| Outcome | Probability | Yes Bid | Yes Ask | 24h Change | Volume | |
|---|---|---|---|---|---|---|
| Target Price: $38.0386 | 0% | 0¢ | 0¢ | — | $0 | Trade → |
This market asks whether the cryptocurrency labeled HYPE will hit a price target of $38.0386 within a 15-minute timeframe. Short-duration contracts like this matter because they isolate immediate price reactions and microstructure effects rather than longer-term fundamentals.
Short-window crypto markets are driven by high-frequency flows, exchange liquidity, and sudden news; they were created to let traders express views on very near-term moves. The source and resolution rules are set by the platform (KALSHI) and the listed details (Closes: TBD, Total Volume Traded: $0) indicate the contract is new or not yet actively traded. Historical context: similar 1–30 minute targets have been used to study price impact, bot behavior, and exchange discrepancies in crypto markets.
Market odds on this type of contract summarize participants' current collective expectations and update as new information arrives; they should be read as a live, tradeable signal of sentiment and not a fixed forecast.
'15 min' denotes the contract's short observation horizon; the precise resolution mechanics (whether the price must touch the target at any point during a specified 15-minute window or be measured at a single timestamp at the end of that window) are defined in the contract terms on the platform, so consult the official resolution text for this market.

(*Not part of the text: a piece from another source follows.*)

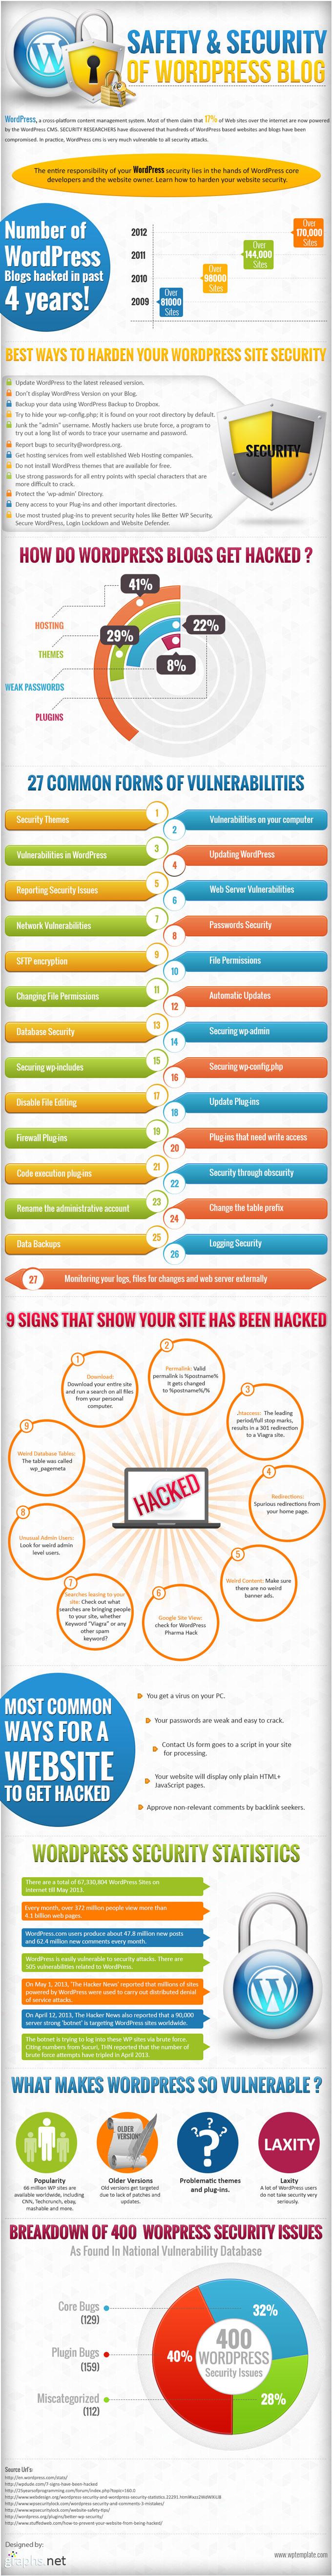 Wordpress Security Threats-Infographic

Resolution will follow the exchange/data-source rules named by the contract on KALSHI; the market's contract text specifies which exchange(s) or aggregated feed and the exact time/measurement method used to determine the HYPE price.
'Closes: TBD' means the platform has not published the final closing timestamp for trading or the resolution window; traders should monitor the market page and official announcements for the posted close and any updates to resolution timing.
Zero traded volume indicates no completed trades yet, which usually implies low liquidity; prices can move substantially on small orders, spreads may be wide, and execution costs or price impact can be high until more participation occurs.
The most influential drivers are high-volume taker orders or coordinated buying/selling from large holders or bots, exchange-specific announcements (listings, halts), sudden news or social-media virality about HYPE, and transient liquidity dry-ups or spikes across venues that create rapid price dislocations.